Is your claim limited to sensitive materials like contraceptives or does it include items like blood transfusion, vaccines? For some religions, products made of pork? Is any claim under your theory that has a religious basis, could an employer preclude the use of those items as well?

 

Legal and civil rights experts fear that a win for Hobby Lobby and Conestoga could make it easier for businesses to claim a legal right to discriminate, for example against employees and customers of whose lifestyles they may disapprove on biblical grounds.
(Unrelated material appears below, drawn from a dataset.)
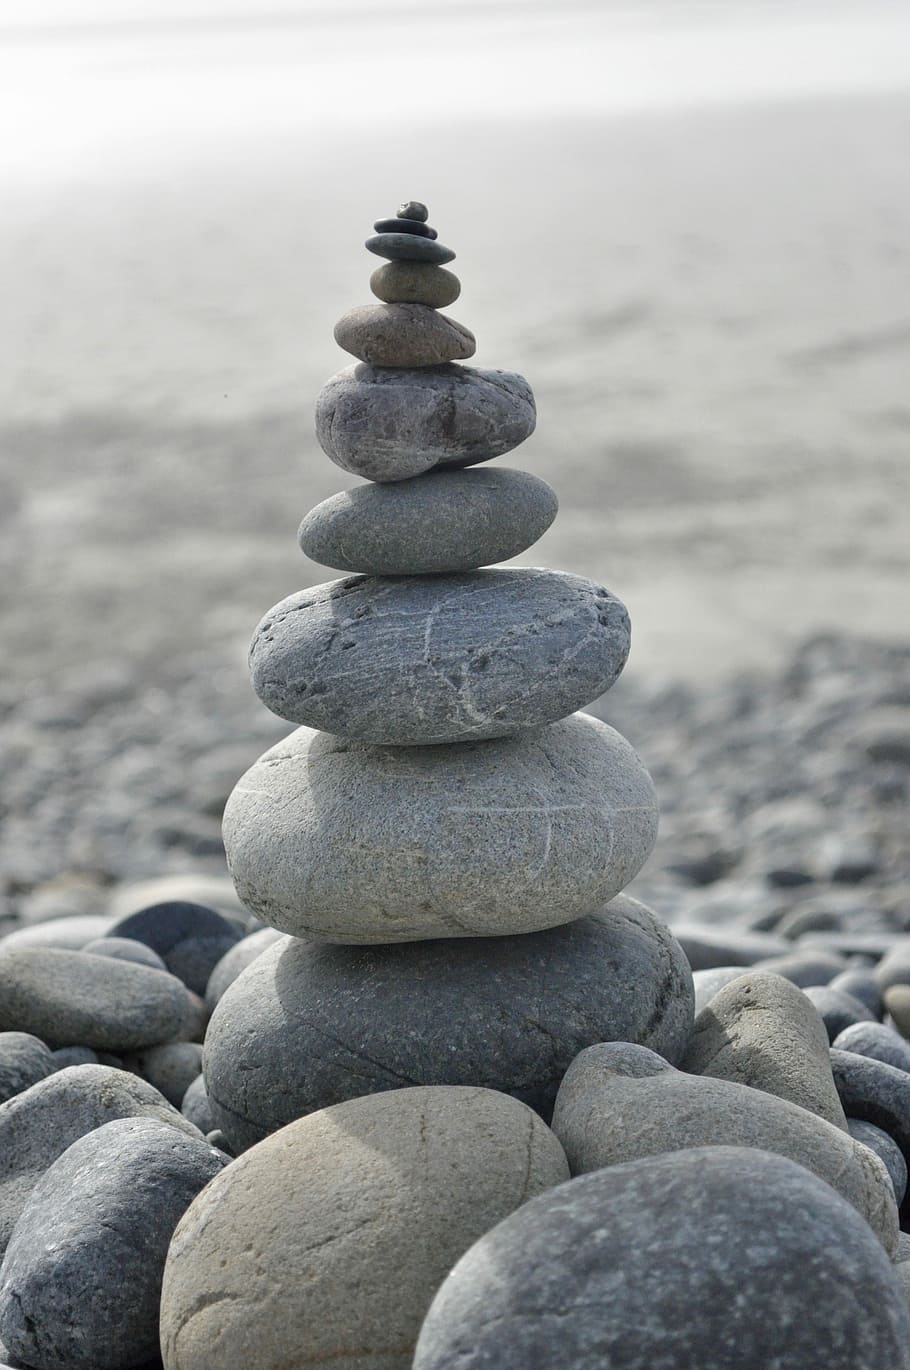 pilha de pedras, estabilidade, equilíbrio, paralelepípedos, harmonia, meditação, rocha, pedra, ordem, suave

That could include unwed mothers, people with different religious views, or people in same-sex marriages. 

 

“Justice Kennedy might have grave concerns about the effect of Hobby Lobby’s reasoning for anti-discrimination principles in other contexts, including whether corporations would attempt religious exemptions from laws recognizing equality for gays and lesbians,” Elizabeth Wydra, chief counsel for the Constitutional Accountability Center, told Inc. in an earlier interview.

 

Other Cases of Interest

 

Echoing the federal matter, a number of states this year have tried to pass laws that would grant businesses religious exemptions over whom they hire and the customers they serve. Such laws provoked a firestorm in Arizona, where an angered business community rallied to overturn legislation pushed through by conservative legislators. By contrast, the Mississippi Religious Freedom Restoration Act sailed through its local statehouse and was signed by the governor in April. It will go into effect starting July.

 

Hobby Lobby has recently been caught up in other court proceedings as well. In New York, it settled a false advertising case, agreeing to pay more than $200,000 to upstate schools near which it had advertised sales on items like school supplies for more than 52 consecutive weeks. Endless sales are a violation of state truth-in-advertising laws. 

 

Hobby Lobby’s chief executive has also recently gone on a bizarre self-promotion campaign, spending close to a billion dollars on a traveling museum that asserts biblical truth over secular truth.